SUPPLIED INFORMATION:
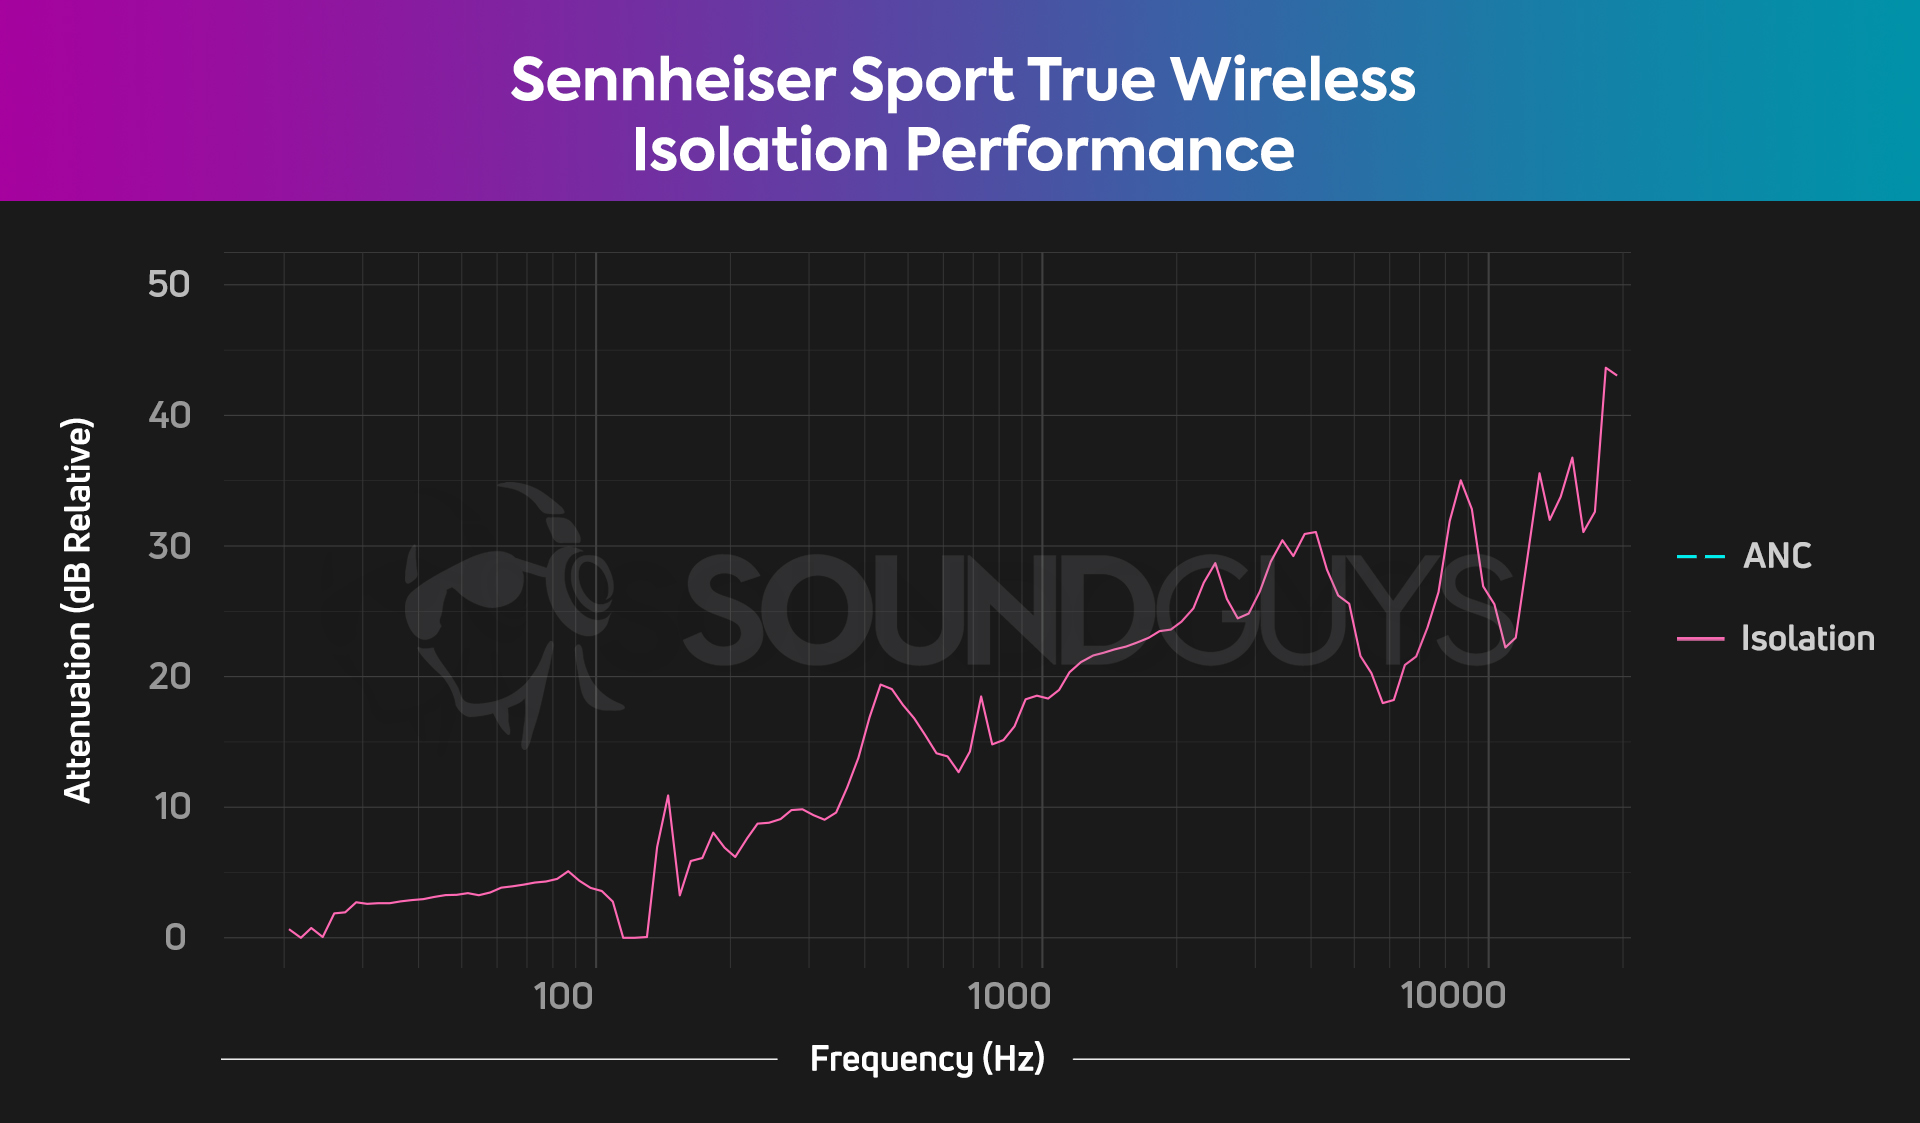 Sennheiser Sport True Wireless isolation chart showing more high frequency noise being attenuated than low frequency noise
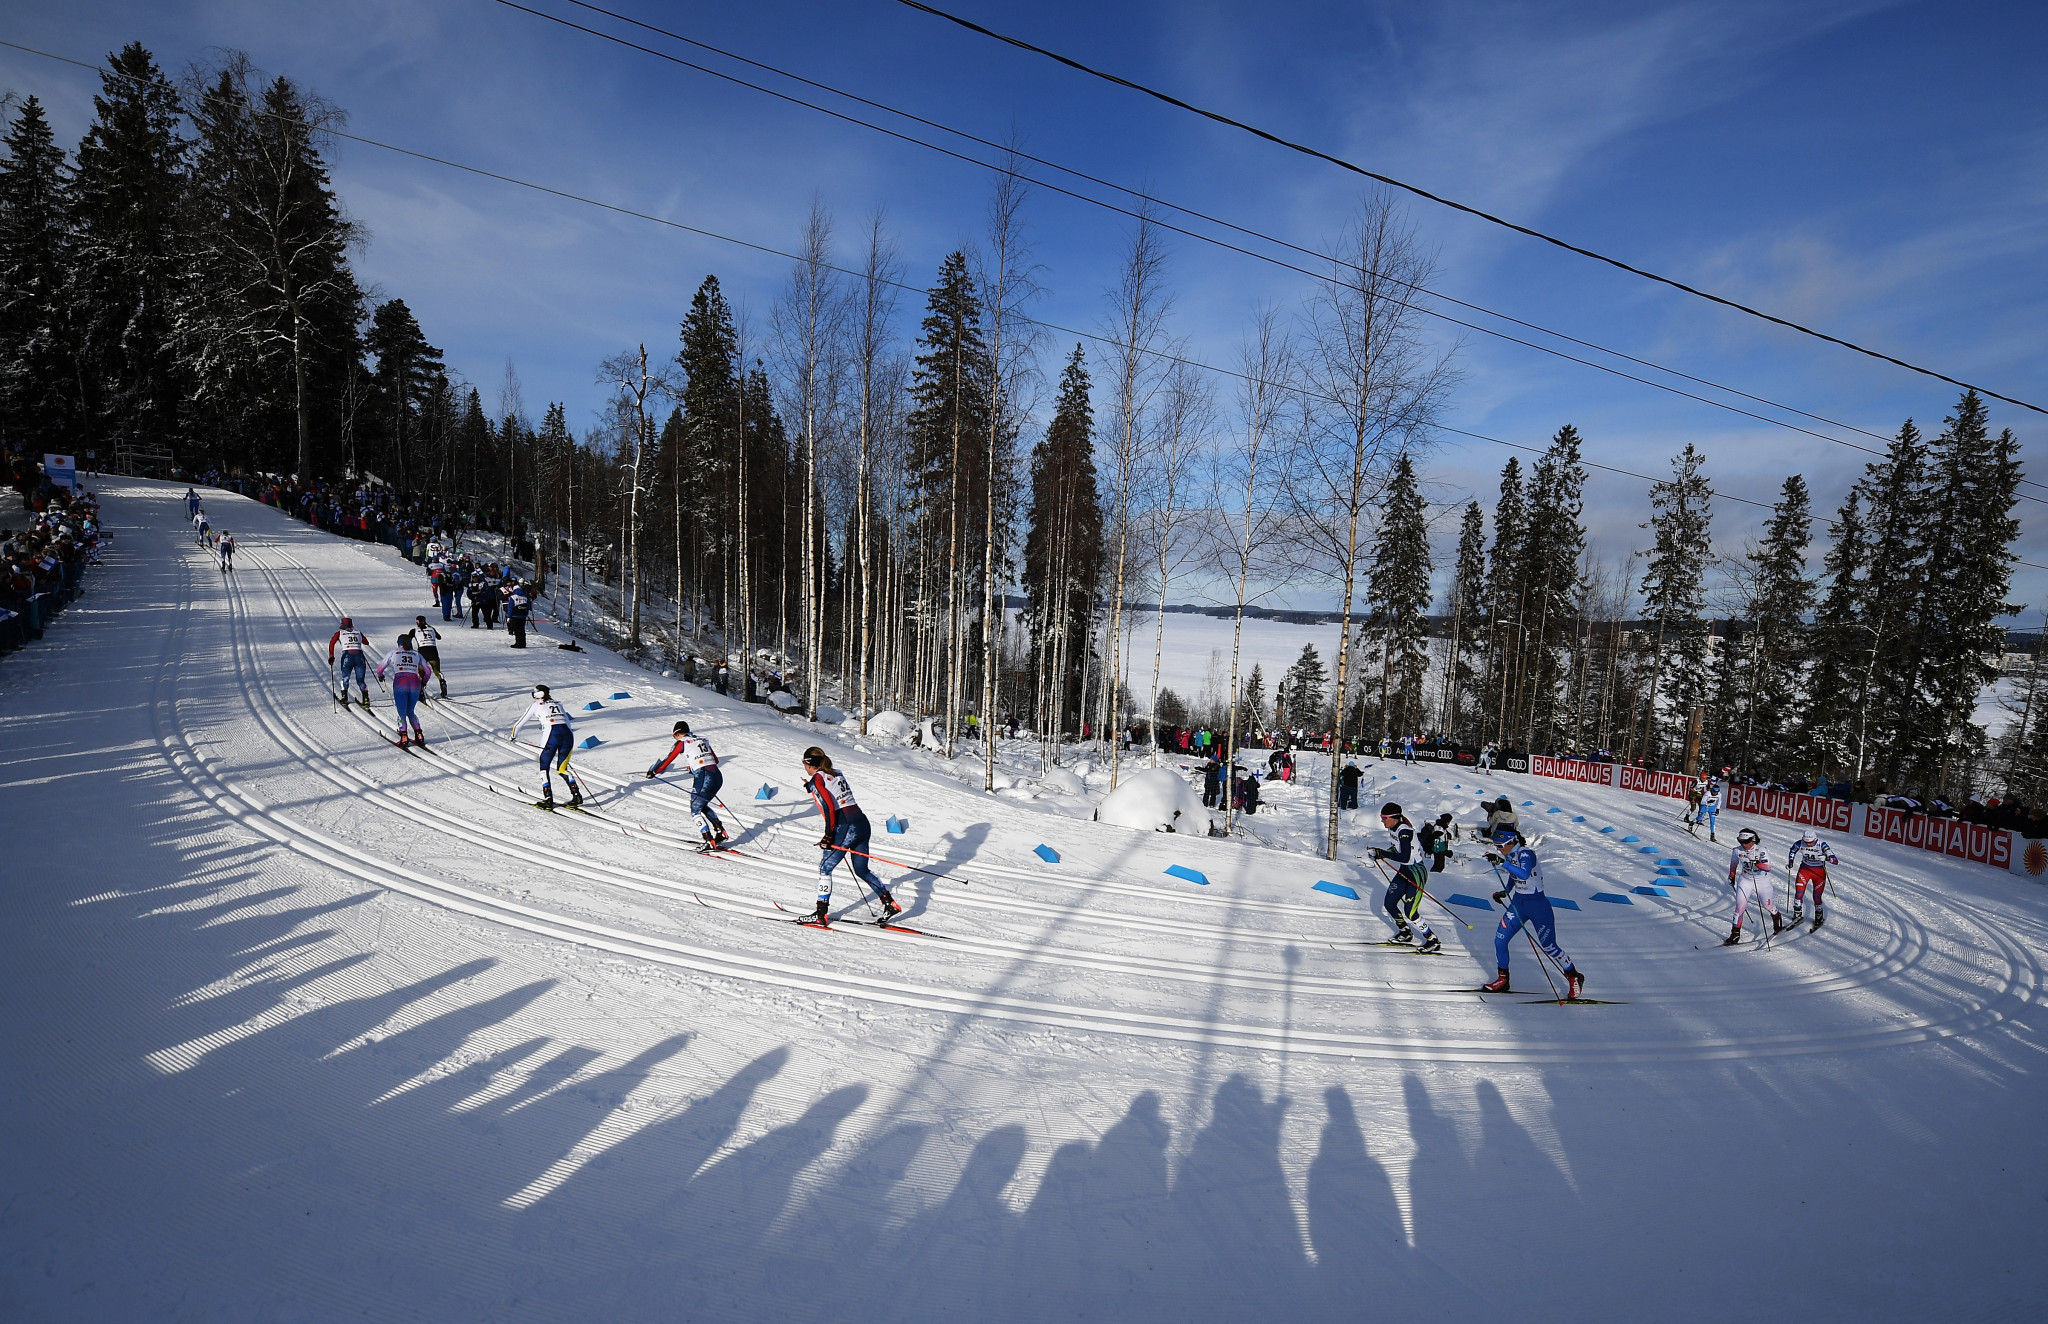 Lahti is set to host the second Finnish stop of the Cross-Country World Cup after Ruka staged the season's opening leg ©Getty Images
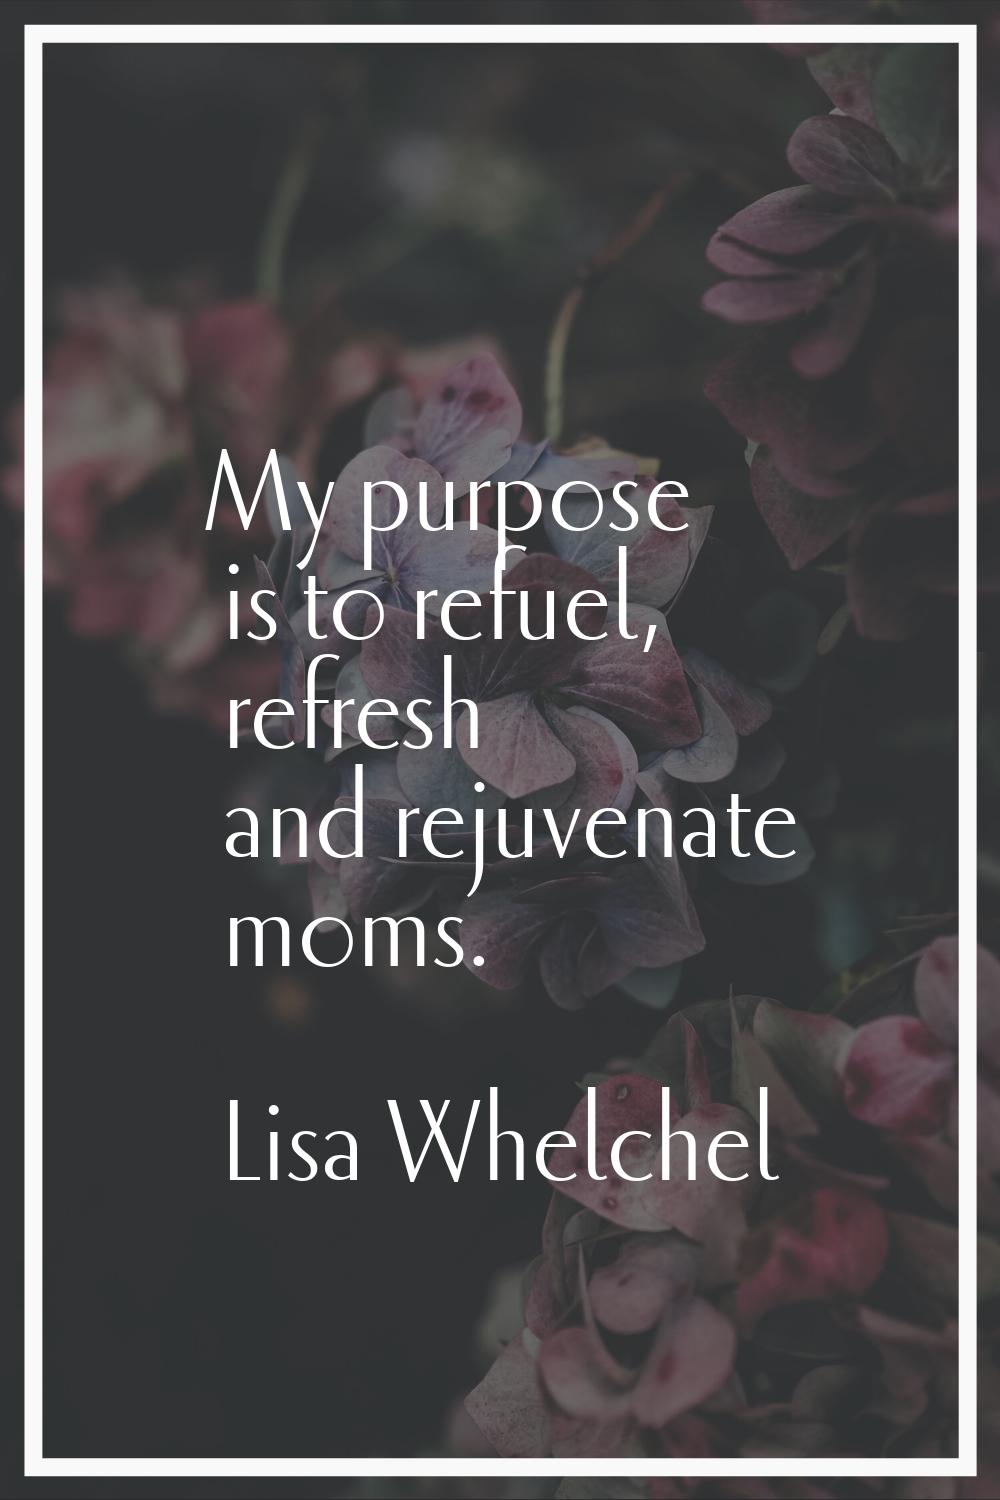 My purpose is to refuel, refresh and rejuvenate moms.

DIRECTIONS FOR THIS TASK: Copy out all the data above exactly as written. Skip the pictures.

REPLY TO THE EXERCISE:
 Sennheiser Sport True Wireless isolation chart showing more high frequency noise being attenuated than low frequency noise
 Lahti is set to host the second Finnish stop of the Cross-Country World Cup after Ruka staged the season's opening leg ©Getty Images
 My purpose is to refuel, refresh and rejuvenate moms.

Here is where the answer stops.